**Brief:** Every record here must be set down once more, precisely as it reads.

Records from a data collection
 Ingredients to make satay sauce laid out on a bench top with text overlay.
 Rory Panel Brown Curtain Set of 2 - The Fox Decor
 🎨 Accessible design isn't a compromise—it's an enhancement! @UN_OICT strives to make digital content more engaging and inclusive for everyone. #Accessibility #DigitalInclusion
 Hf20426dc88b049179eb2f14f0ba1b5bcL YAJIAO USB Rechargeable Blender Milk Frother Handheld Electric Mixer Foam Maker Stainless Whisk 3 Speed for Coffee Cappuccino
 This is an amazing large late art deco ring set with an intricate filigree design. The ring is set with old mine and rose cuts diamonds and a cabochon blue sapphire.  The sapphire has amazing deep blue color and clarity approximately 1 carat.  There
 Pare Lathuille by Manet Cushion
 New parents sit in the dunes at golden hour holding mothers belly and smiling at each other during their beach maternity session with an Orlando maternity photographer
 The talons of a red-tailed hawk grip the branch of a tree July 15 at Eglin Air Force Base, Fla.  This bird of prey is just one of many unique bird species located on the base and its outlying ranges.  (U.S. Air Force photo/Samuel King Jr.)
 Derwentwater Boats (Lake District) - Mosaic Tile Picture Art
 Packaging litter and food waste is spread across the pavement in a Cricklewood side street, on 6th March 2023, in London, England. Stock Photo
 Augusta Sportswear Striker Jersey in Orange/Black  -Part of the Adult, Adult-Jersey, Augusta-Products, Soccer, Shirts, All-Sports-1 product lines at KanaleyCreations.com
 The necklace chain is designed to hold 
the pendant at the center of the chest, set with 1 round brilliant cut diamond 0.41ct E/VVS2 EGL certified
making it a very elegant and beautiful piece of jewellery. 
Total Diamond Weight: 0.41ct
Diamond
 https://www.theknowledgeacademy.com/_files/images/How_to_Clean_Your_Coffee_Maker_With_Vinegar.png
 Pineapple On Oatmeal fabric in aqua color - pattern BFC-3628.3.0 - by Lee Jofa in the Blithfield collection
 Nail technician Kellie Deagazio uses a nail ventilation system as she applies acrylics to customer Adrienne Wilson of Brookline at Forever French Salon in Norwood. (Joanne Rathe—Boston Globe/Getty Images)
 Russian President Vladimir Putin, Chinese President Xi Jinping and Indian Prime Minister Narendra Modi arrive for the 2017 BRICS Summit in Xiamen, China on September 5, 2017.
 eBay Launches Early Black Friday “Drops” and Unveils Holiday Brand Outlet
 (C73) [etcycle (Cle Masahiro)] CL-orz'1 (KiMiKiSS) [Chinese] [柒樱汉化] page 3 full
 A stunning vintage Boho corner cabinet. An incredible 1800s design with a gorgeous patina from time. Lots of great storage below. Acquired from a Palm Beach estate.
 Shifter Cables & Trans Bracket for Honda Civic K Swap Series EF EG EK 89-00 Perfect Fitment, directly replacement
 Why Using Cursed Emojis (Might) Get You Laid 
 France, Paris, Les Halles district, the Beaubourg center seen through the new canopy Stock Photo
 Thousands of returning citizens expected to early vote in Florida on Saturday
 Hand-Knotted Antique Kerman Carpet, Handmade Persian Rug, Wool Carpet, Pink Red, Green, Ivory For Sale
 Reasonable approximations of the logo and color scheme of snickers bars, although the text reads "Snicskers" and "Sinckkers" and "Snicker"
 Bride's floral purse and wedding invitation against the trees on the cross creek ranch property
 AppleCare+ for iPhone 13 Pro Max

**Result:**
 Ingredients to make satay sauce laid out on a bench top with text overlay.
 Rory Panel Brown Curtain Set of 2 - The Fox Decor
 🎨 Accessible design isn't a compromise—it's an enhancement! @UN_OICT strives to make digital content more engaging and inclusive for everyone. #Accessibility #DigitalInclusion
 Hf20426dc88b049179eb2f14f0ba1b5bcL YAJIAO USB Rechargeable Blender Milk Frother Handheld Electric Mixer Foam Maker Stainless Whisk 3 Speed for Coffee Cappuccino
 This is an amazing large late art deco ring set with an intricate filigree design. The ring is set with old mine and rose cuts diamonds and a cabochon blue sapphire.  The sapphire has amazing deep blue color and clarity approximately 1 carat.  There
 Pare Lathuille by Manet Cushion
 New parents sit in the dunes at golden hour holding mothers belly and smiling at each other during their beach maternity session with an Orlando maternity photographer
 The talons of a red-tailed hawk grip the branch of a tree July 15 at Eglin Air Force Base, Fla.  This bird of prey is just one of many unique bird species located on the base and its outlying ranges.  (U.S. Air Force photo/Samuel King Jr.)
 Derwentwater Boats (Lake District) - Mosaic Tile Picture Art
 Packaging litter and food waste is spread across the pavement in a Cricklewood side street, on 6th March 2023, in London, England. Stock Photo
 Augusta Sportswear Striker Jersey in Orange/Black  -Part of the Adult, Adult-Jersey, Augusta-Products, Soccer, Shirts, All-Sports-1 product lines at KanaleyCreations.com
 The necklace chain is designed to hold 
the pendant at the center of the chest, set with 1 round brilliant cut diamond 0.41ct E/VVS2 EGL certified
making it a very elegant and beautiful piece of jewellery. 
Total Diamond Weight: 0.41ct
Diamond
 https://www.theknowledgeacademy.com/_files/images/How_to_Clean_Your_Coffee_Maker_With_Vinegar.png
 Pineapple On Oatmeal fabric in aqua color - pattern BFC-3628.3.0 - by Lee Jofa in the Blithfield collection
 Nail technician Kellie Deagazio uses a nail ventilation system as she applies acrylics to customer Adrienne Wilson of Brookline at Forever French Salon in Norwood. (Joanne Rathe—Boston Globe/Getty Images)
 Russian President Vladimir Putin, Chinese President Xi Jinping and Indian Prime Minister Narendra Modi arrive for the 2017 BRICS Summit in Xiamen, China on September 5, 2017.
 eBay Launches Early Black Friday “Drops” and Unveils Holiday Brand Outlet
 (C73) [etcycle (Cle Masahiro)] CL-orz'1 (KiMiKiSS) [Chinese] [柒樱汉化] page 3 full
 A stunning vintage Boho corner cabinet. An incredible 1800s design with a gorgeous patina from time. Lots of great storage below. Acquired from a Palm Beach estate.
 Shifter Cables & Trans Bracket for Honda Civic K Swap Series EF EG EK 89-00 Perfect Fitment, directly replacement
 Why Using Cursed Emojis (Might) Get You Laid 
 France, Paris, Les Halles district, the Beaubourg center seen through the new canopy Stock Photo
 Thousands of returning citizens expected to early vote in Florida on Saturday
 Hand-Knotted Antique Kerman Carpet, Handmade Persian Rug, Wool Carpet, Pink Red, Green, Ivory For Sale
 Reasonable approximations of the logo and color scheme of snickers bars, although the text reads "Snicskers" and "Sinckkers" and "Snicker"
 Bride's floral purse and wedding invitation against the trees on the cross creek ranch property
 AppleCare+ for iPhone 13 Pro Max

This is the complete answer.